Chapter 1:
These Memories are Your Curse
Tom stared at the bodies lying before him.
They were so very small, nought but looked so peaceful lying there.
The final trickle of life left them, wiping away the last vestiges of his incorporeal. As he became wholly flesh once more, so too did the world around him grow tangible.
His heart beat for the first time in the decades since he sealed his fractured soul in the diary. The blood in his veins was warm again, as warm as the tears cascading down his cheeks.
"No." He cried out as the foreign memories flooded his mind. Memories that were both his and yet not his.
Everything Harry had experienced in life, and in death, came to him. He remembered how he had punished Dudley at the reptile exhibit, just as he'd punished Billy Stubbs for feeding Helvetica to his rabbit. He remember the cruel words and apathy of his aunt and uncle, almost as cold as the apathy of those public 'servants' who took jobs at the orphanage for the sick pleasure of being in control of people weaker than them.
A stepping stone to their precious future careers in politics or social care.
"Harry? Ginny?" He moaned again as he dropped the holly wand and fell to his knees, heedless of the slick floor of the Chamber.
Tom remembered the violence inflicted on him by his older cousin and by the even older foster siblings. How he had run and hid from the many bullies, how he'd discovered magic accidentally. But then the two sets of memories stopped echoing.

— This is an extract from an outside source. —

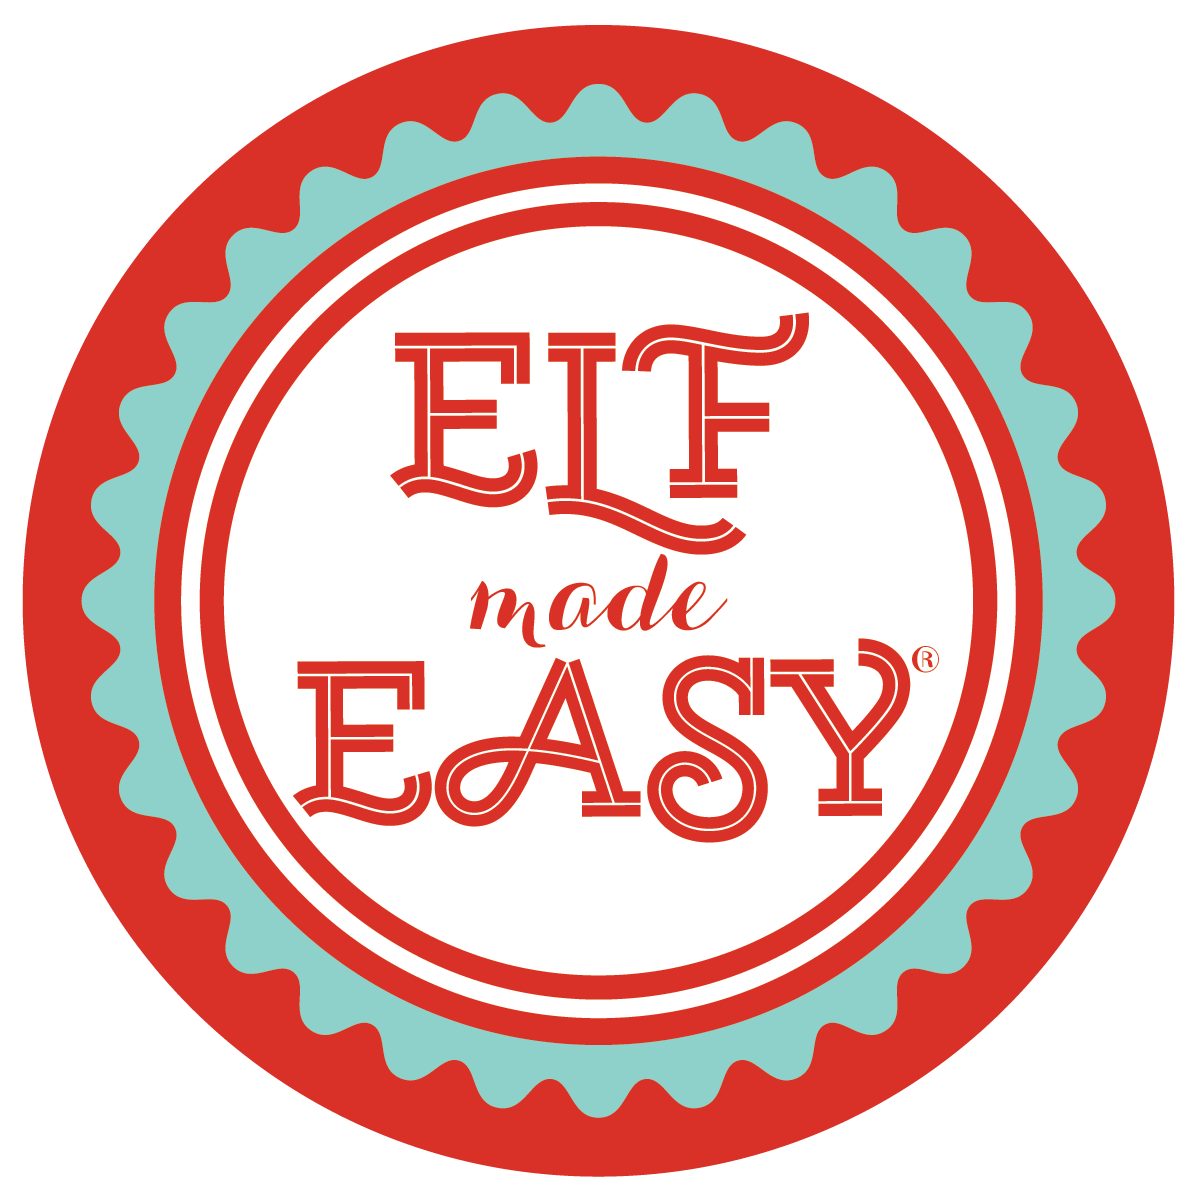 Elf Made Easy

He remembered two different lives. One in which he feared his magic and tried to rationalize it, another in which he embraced it. Played with it. Experimented with and mastered it.
He remembered going to Diagon Alley for the first time. Twice. The first first time he went alone, harboring suspicion and unease. The second first time with a giant beside him giving words of kindness and tragedy.
"Don't go. I'm sorry." He pleaded as he crawled on hands and knees to kneel between the children. The dead children.
Then memories he couldn't even pretend were his own came to the fore.
Tom realized they were not Harry's memories. They belonged to something else, something inside of Harry. Something trapped in a malignant, tar-like darkness and a suffocating silence. It's only window to the world a lightning shaped crack in its prison through which it could peer and see the outside world.
He saw the shattered home and his slain mother laid on the floor. He saw the half-giant who tried so desperately to be Tom's friend when they attended Hogwarts, only to be betrayed in the end, lift him up from the rubble and wrap him in a blanket. He watched as he fell asleep looking up at an ocean of stars with the roar of a motorcycle as his lullabye.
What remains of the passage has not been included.